What is needed is the full listing written out exactly, minus the pictures.

(Data block Opens)

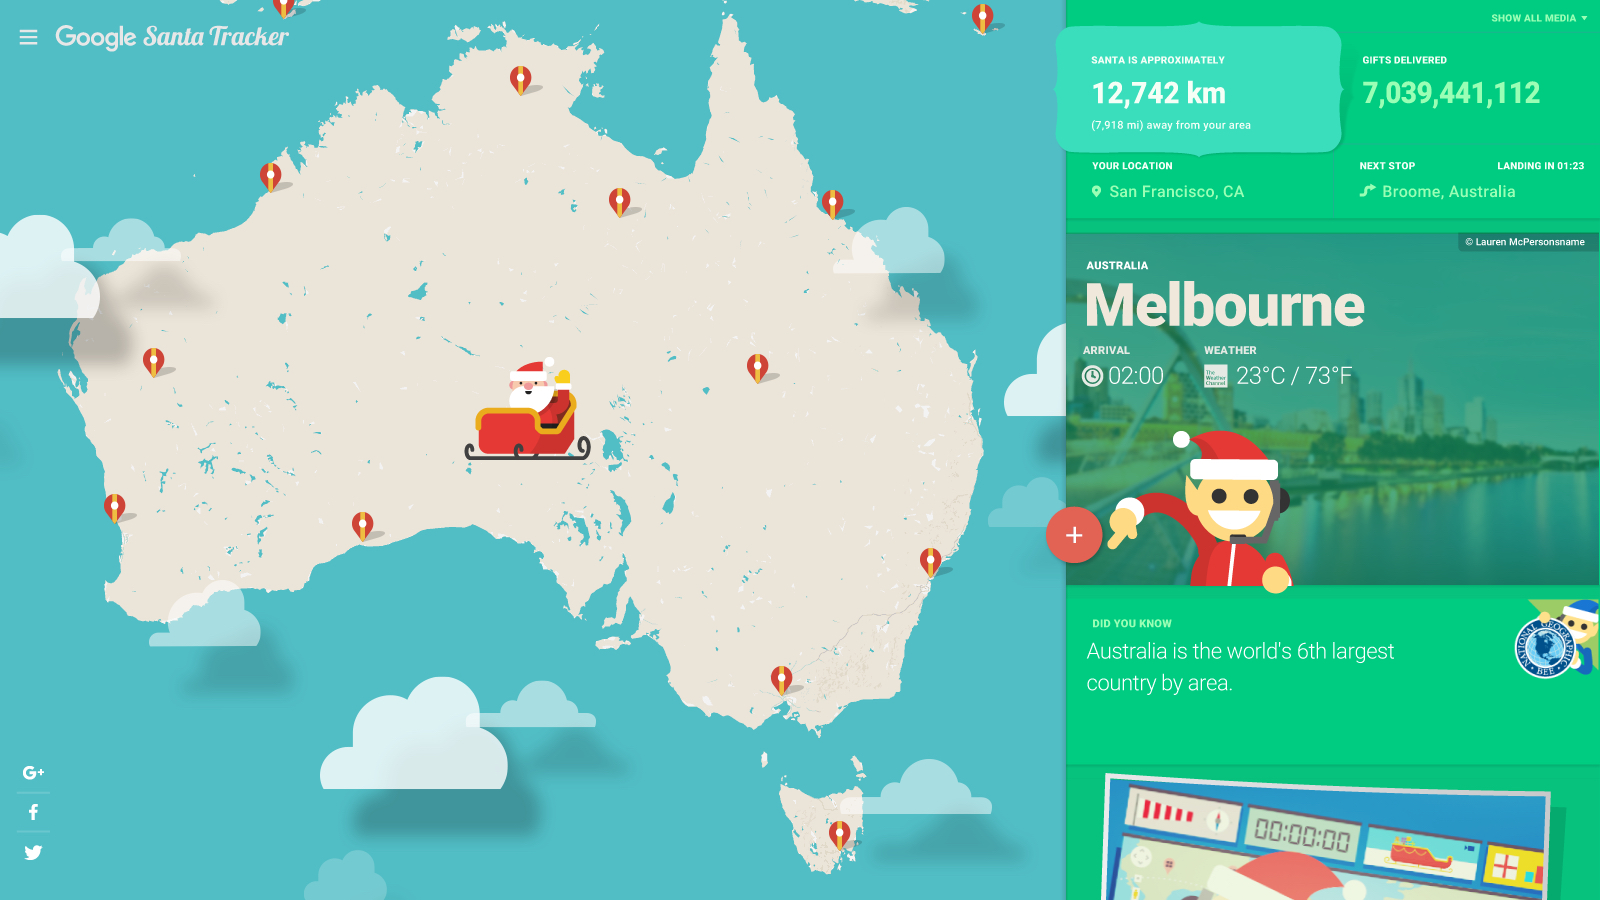 Google releases annual Santa Tracker
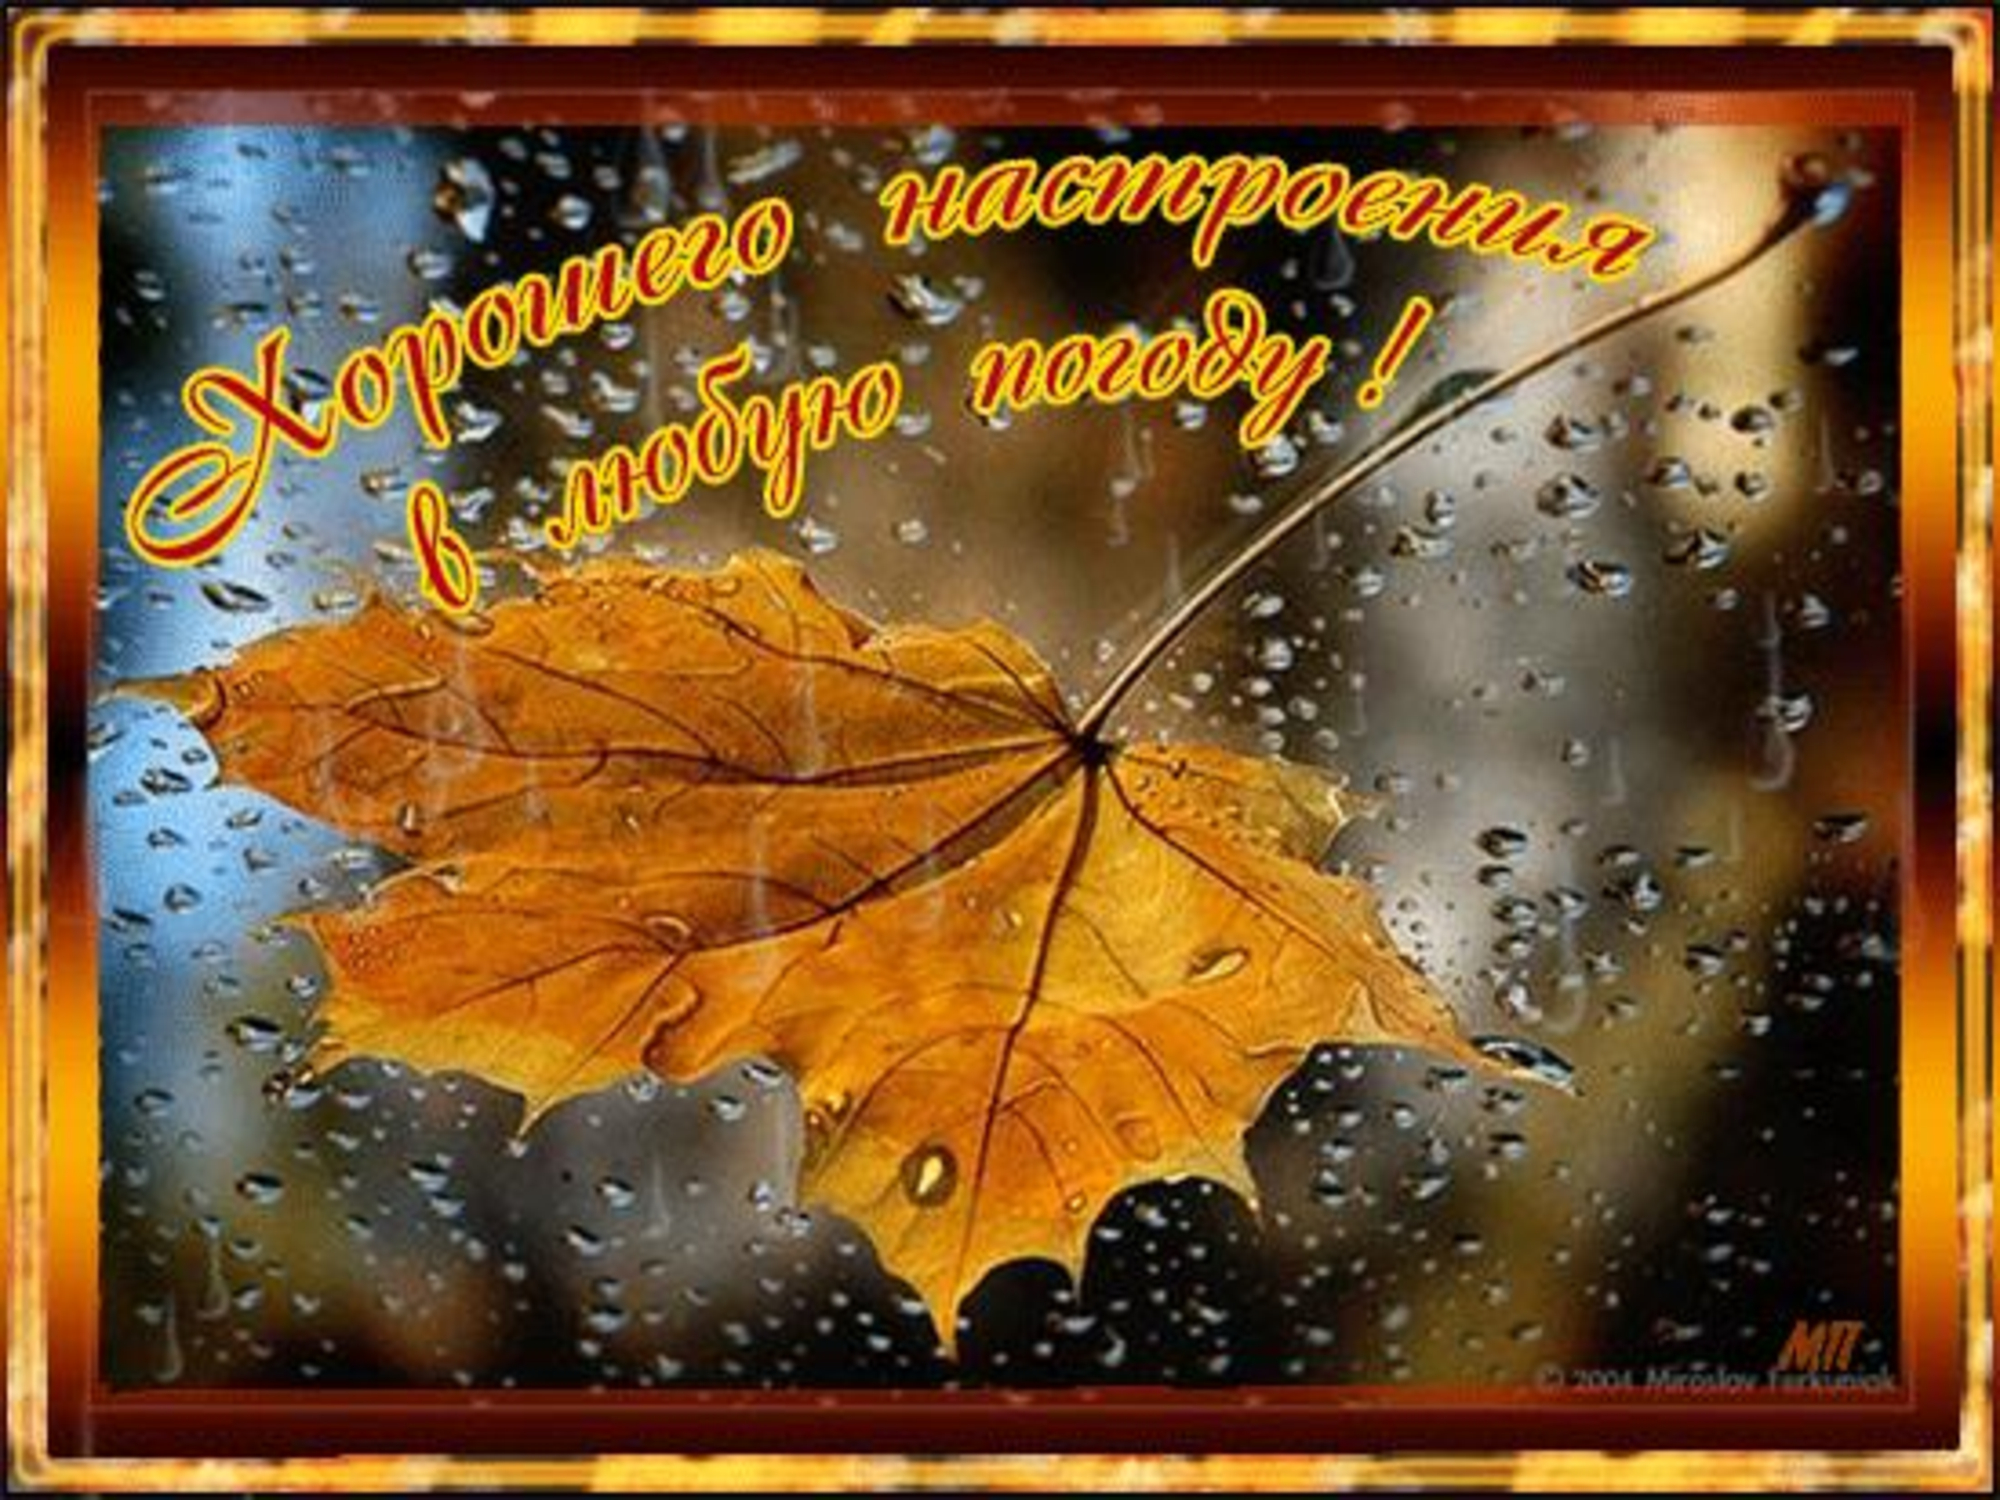 Сентябрь кончаться. Осеннего настроения в любую погоду. Открытки хорошего настроения в любую погоду осенью. Хорошего настроения дождливой осенью. Открытка хорошего настроения в любую погоду осенняя.
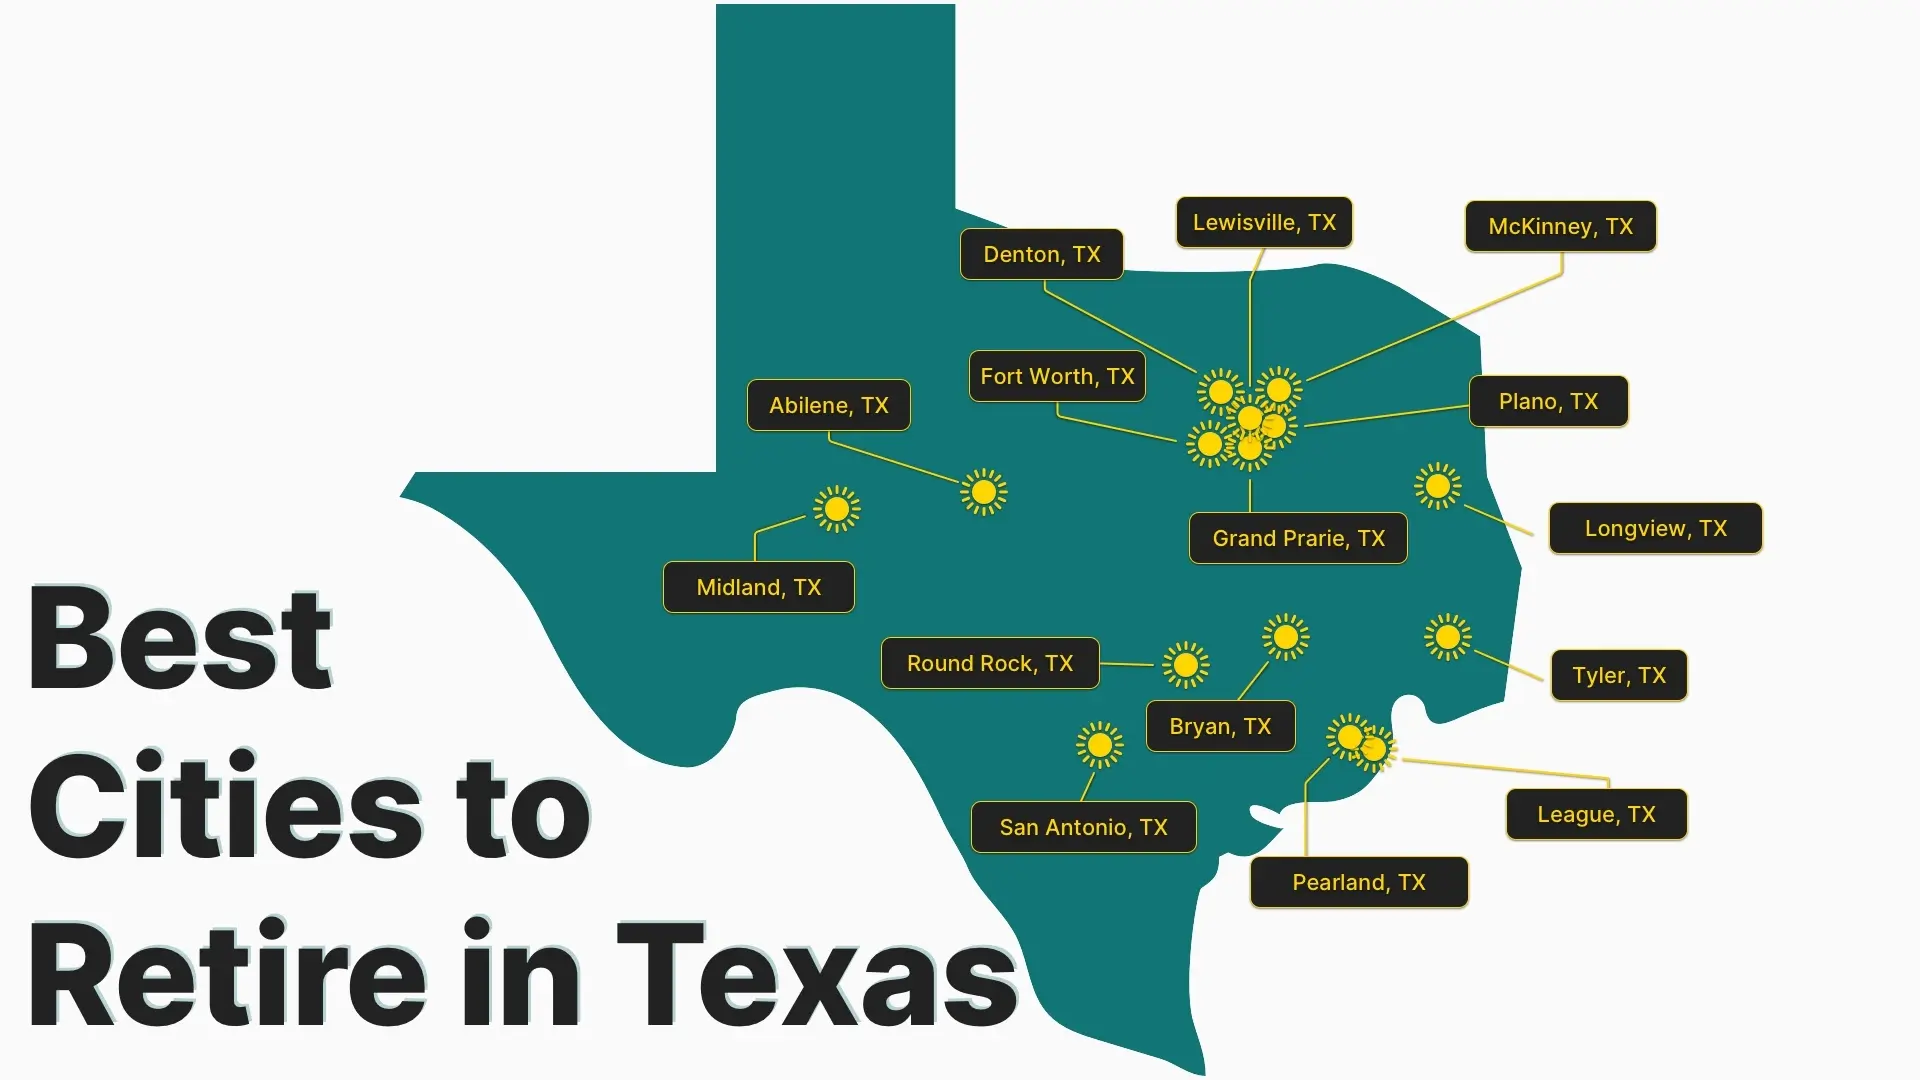 Best Cities to Retire in Texas
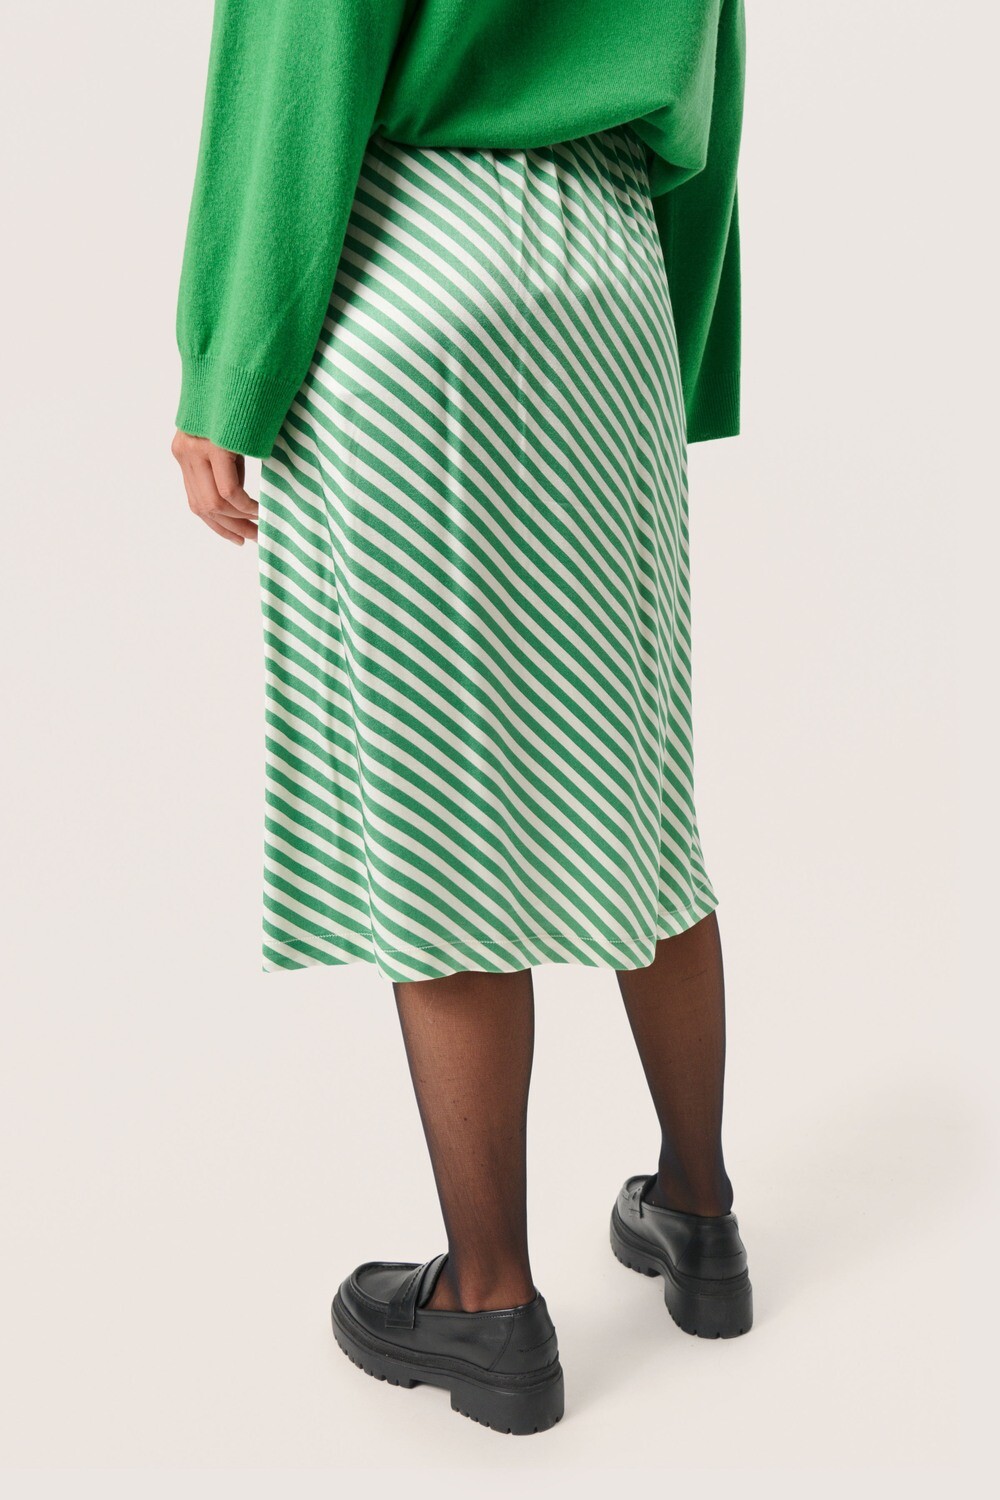 Soaked - Soho Skirt (Green & White Stripes)

(Data block Closes)

→ Solution to this problem:
 Google releases annual Santa Tracker
 Сентябрь кончаться. Осеннего настроения в любую погоду. Открытки хорошего настроения в любую погоду осенью. Хорошего настроения дождливой осенью. Открытка хорошего настроения в любую погоду осенняя.
 Best Cities to Retire in Texas
 Soaked - Soho Skirt (Green & White Stripes)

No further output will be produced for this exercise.